Task inputs =
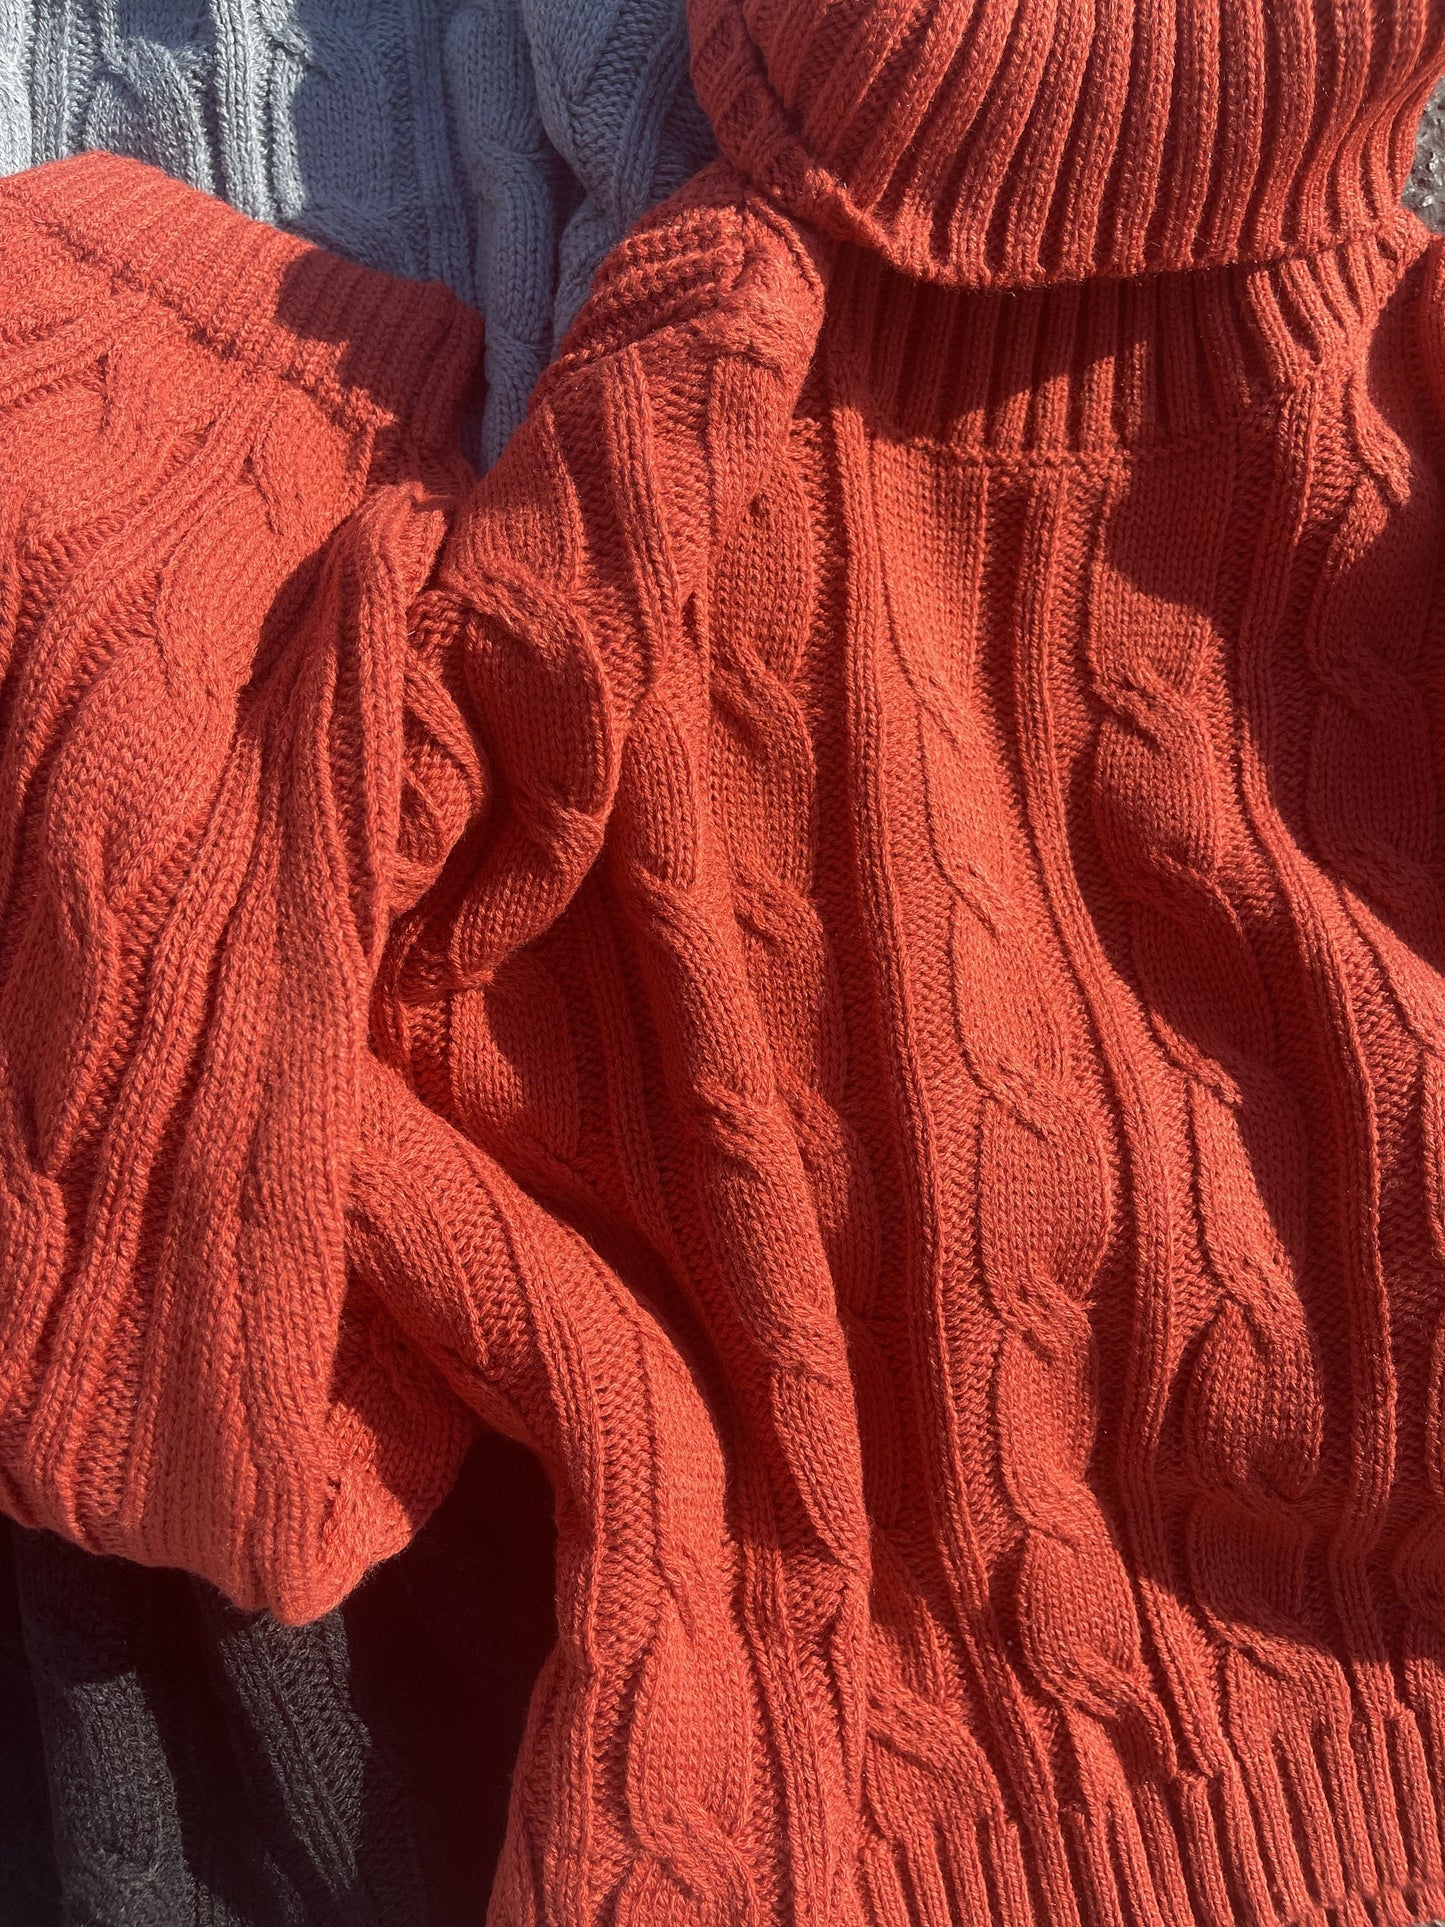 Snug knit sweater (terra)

---

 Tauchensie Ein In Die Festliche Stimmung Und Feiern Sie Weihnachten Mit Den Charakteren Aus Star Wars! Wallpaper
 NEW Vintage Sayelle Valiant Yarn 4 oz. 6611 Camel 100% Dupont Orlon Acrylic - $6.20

==

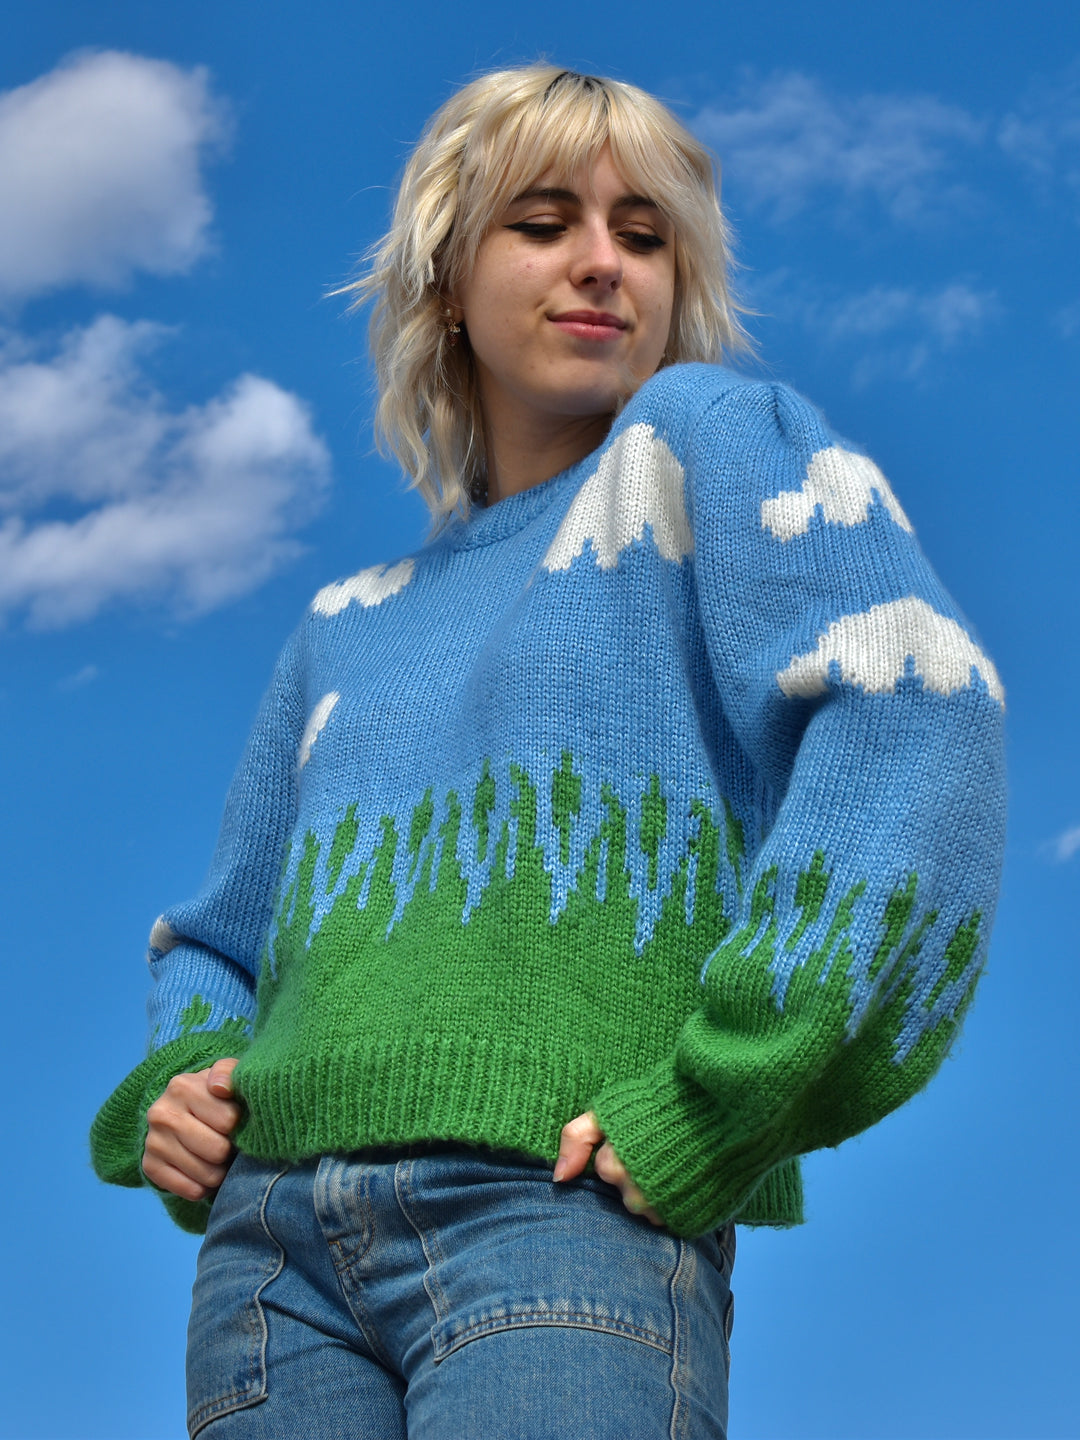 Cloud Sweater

Task to complete =
Of the entries listed above, reproduce only the lines starting at the line containing "Tauchensie Ein In" and ending at the line containing "NEW Vintage Sayelle". Include both, exactly as they stand.

Solution to the exercise =
 Tauchensie Ein In Die Festliche Stimmung Und Feiern Sie Weihnachten Mit Den Charakteren Aus Star Wars! Wallpaper
 NEW Vintage Sayelle Valiant Yarn 4 oz. 6611 Camel 100% Dupont Orlon Acrylic - $6.20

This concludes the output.